In your example of the river type, a medium dark epoxy joint line would (in my opinion) make the river really pop and accentuate the joints and each strip, giving more flow to the wood. If you still have the form and a bit of time, try and see what you think ... it is a personal choice, but I like to think that those joints are an additional visual opportunity, not just a joint to hide.


Brian
 
Brian:

I get what you're saying about using the glue joint to accent the wood strips. I've never done it, but plan to on my upcoming paddle build. The lazy river stripe I showed earlier is for a cutting board. I stay away from epoxy for cutting boards. I know it's food safe after full cure, just personal preference.

That feather on the football is outstanding. Really getting me excited about my next boat build. That's a ways off. Focusing on paddles now. I was going to do a run of 4 straight, 2 bent. Already have 2 friends found out I was making paddles, they both want one. Guess I should have kept my yap shut.
 
I'm just getting my wood together, and looking at BB paddles, they seem to use basswood quite a bit. Made me wonder why, then I looked at wood density. Quite a range, from slightly lighter than cedar, to quite heavy. I have quite a bit of 8/4 laying around, for carving. One thing led to another, and next thing I know I'm doing density tests on lots of different candidates for my paddle build. Goes back to an old physics experiment I used to do. Certainly only as accurate as your set-up, but in any case, it will give you accurate comparisons from one sample to another.

Basically, cut strips of wood. Size doesn't really matter, only that they have a uniform cross section from one end to the other. I cut mine 1/4 thick, 3/4 wide, 10" long. The 10" length makes calculations easier. Put a strip in a tall container of water, make sure the strip isn't hung up on the side. Mark the water line.
IMG-2560.jpg
Divide length submerged by total length, gives you density in g/cm^3. So, if you use 10" length, you're simply moving the decimal place one to the left. Even if you're not super accurate, you can see which samples have the highest/lowest density. I tested basswood, walnut, cherry, eastern red cedar, 3 samples of western red cedar, and white pine. they are in that order in the picture below, highest to lowest. Unfortunately, my basswood is at the extreme high end of the chart I use.
IMG-2563.jpg
 
Not sure if that is really a valid process Kliff .... it assumes that water is not re occupying (absorbing) into the displacement area. If you weigh those strips before and after immersion I think you will see quite a bit of water was absorbed, throwing the determination out the window.
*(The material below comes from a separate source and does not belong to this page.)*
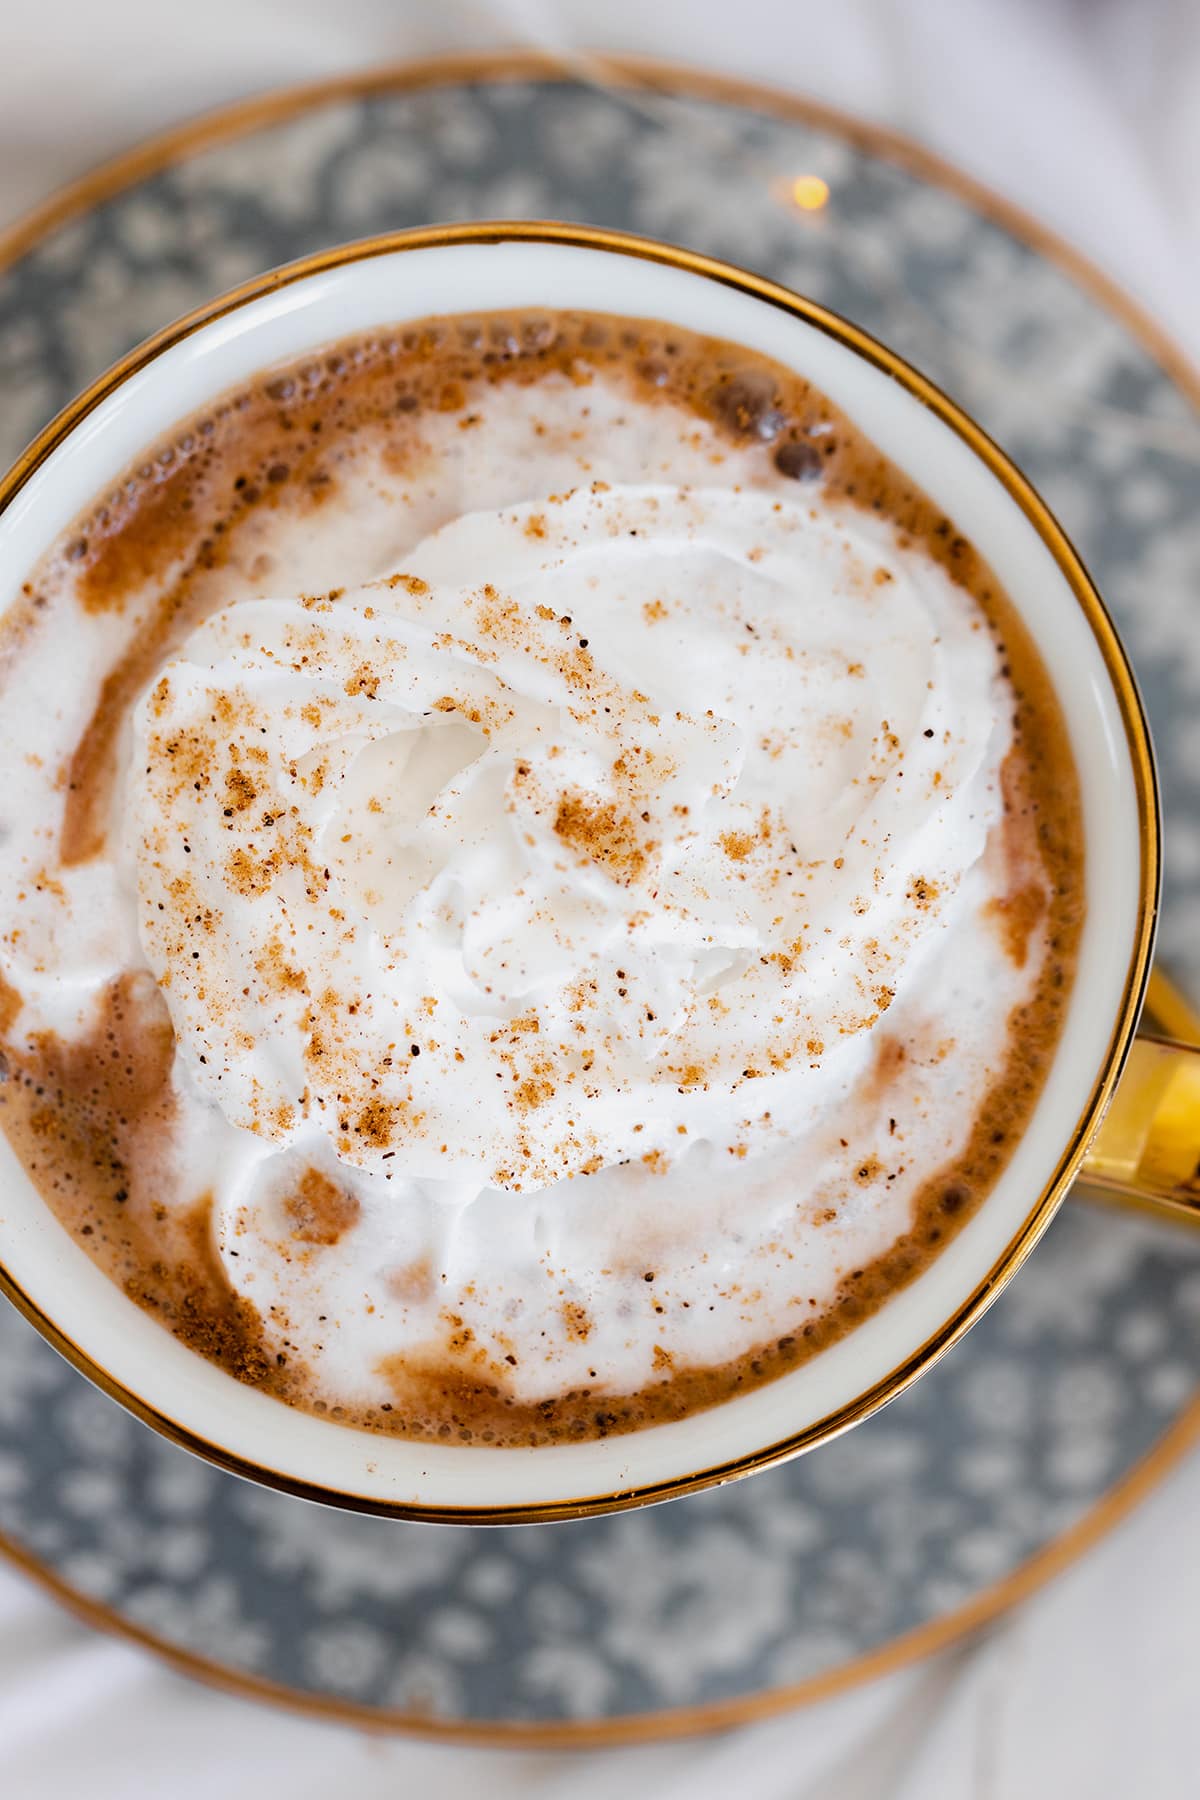 Vegan Eggnog Mocha with whipped cream and a sprinkle of nutmeg in a white mug on white bedsheets.

You might be better off doing it directly by measuring L x W x T to get the volume and then just weighing the wood on a good kitchen scale. Then dividing the weight by volume directly.

Brian
 
Well, I just finished my first paddle build. I was going to be ambitious, and make 4 straight shaft, and 2 bent shaft for myself and my wife. Then people started coming out of the woodwork asking me to make them bent shaft. Rather than say "no" I put bent shafts on hold. I also decided to just make two straight shaft. Nothing fancy, wanted to make sure I was comfortable with the process. Better to mess up two than 4. They're done up to the varnish point. The epoxy needs a couple weeks of cure time. I got really hung up on shaft length. My current paddles are all 5 hours away. Went with 35" & 33". Made one grip about 1/8" smaller than what's comfortable for me. Wife has small hands. Might drop the canoe in a local river that still isn't hard just to try em out.

I pretty much followed this thread, with a few minor tweaks. The center spine is cherry-walnut-cherry. I laminated a blank then ripped it for each side of the spine. I wanted to try this in preparation for bent shaft. I'm thinking do the same thing, just bend the laminations.